The Supreme Court rejected the Ninth Circuit Court of Appeal’s holding that a permit is required for non-direct discharges that “are fairly traceable from the point source to a navigable water.” The Court reasoned that, “virtually all water, polluted or not, eventually makes its way to navigable water,” and that the legislative intent behind the CWA did not intend the EPA to have “permitting authority over the release of pollutants that reach navigable waters many years after their release and in highly diluted forms.” Additionally, the Court noted that the Ninth Circuit’s use of the word “from” left the method of transportation to a navigable water open to “bizarre” interpretations. The Supreme Court also pointed out that the CWA does not explicitly regulate nonpoint sources or groundwater.

The U.S. Supreme Court held, however, that CWA’s permitting program was also not designed to exclude all releases of pollutants that travel through groundwater.
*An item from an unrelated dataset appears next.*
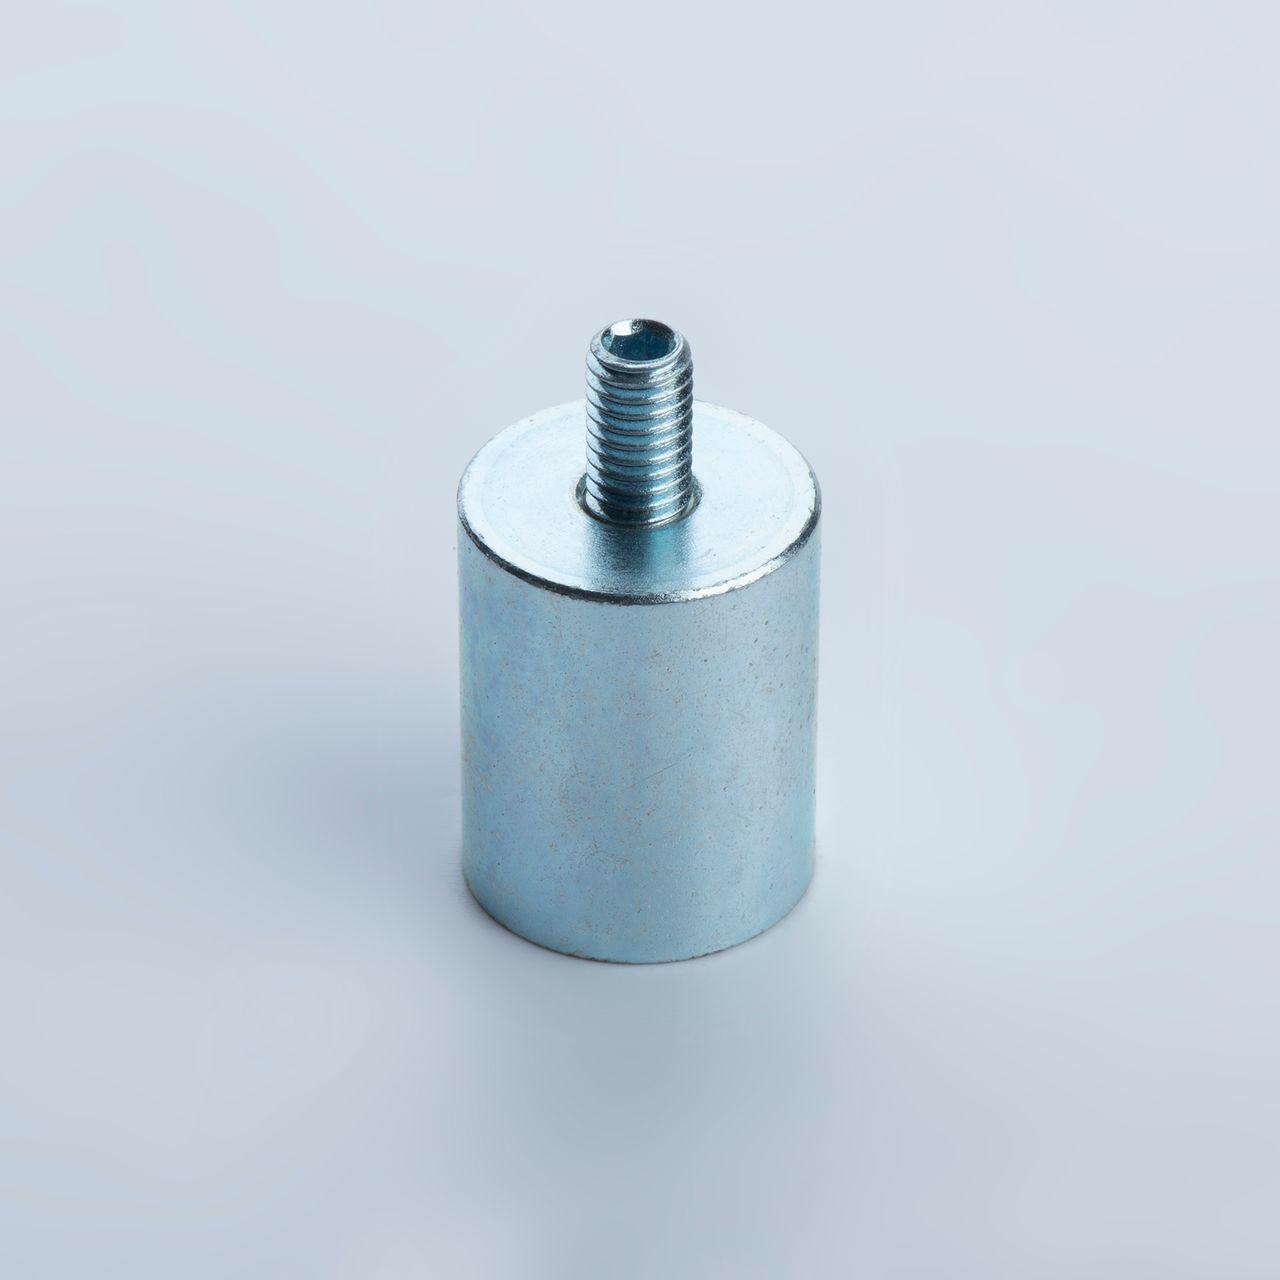 Bar holding magnet made of NdFeB, steel housing with external thread, galvanized, thyssenkrupp Magnettechnik

The Supreme Court explained that this would create a loophole allowing a company discharging through a pipe to “simply move the pipe back, perhaps only a few hundred yards, so that the pollution must travel though at least some groundwater before reaching the sea.”    Instead, the Supreme Court concluded that CWA requires a permit when “there is the functional equivalent of direct discharge.” The Supreme Court did not outline a test for “functional equivalent,” but rather left it up to the courts to decide on a case-by-case basis.  To aid other courts in reaching a determination, the Supreme Court gave a list of suggested factors for consideration including:

  • “transit time,
  • distance traveled,
  • the nature of the material through which the pollutant travels,
  • the extent to which the pollutant is diluted or chemically changed as it travels,
  • the amount of pollutant entering the navigable waters relative to the amount of the pollutant that leaves the point source,
  • the matter by or area in which the pollutant enters the navigable waters, and
  • the degree to which the pollution (at that point) has maintained its specific identify.”

The Supreme Court noted that, “time and distance [between the point source and the navigable waters] will be the most important factors in most cases, but not necessarily every case.”

While the Supreme Court failed to establish a bright line rule, the opinion offers a middle ground between industry groups that want all releases of pollutants to groundwater excluded from the permitting program under the CWA, and environmental groups that argue a permit is required when a pollutant can be traced back to a point source.

The opinion of the Court was authored by Justice Breyer and was joined by Chief Justice Roberts and Justices Ginsburg, Sotomayor, Kagan, and Kavanaugh. Justice Kavanaugh filed a concurring opinion. Justice Alito filed a dissent, and Justice Thomas filed a separate dissent which was joined by Justice Gorsuch.

[1] Full text of the final rule is available at

[2] Rapanos v. United States, 547 US 715 (2006).

[3] County of Maui v. Hawaii Wildlife Fund, 590 US __ (2020).

[4] Federal Water Pollution Control Act, §§ 301(a), 502(12)(A), as amended by the Federal Water Pollution Control Act Amendments of 1972 (Clean Water Act) § 2, 86 Stat. 844, 886, 33 U.S.C. §§ 1311(a), 1262(12)(A).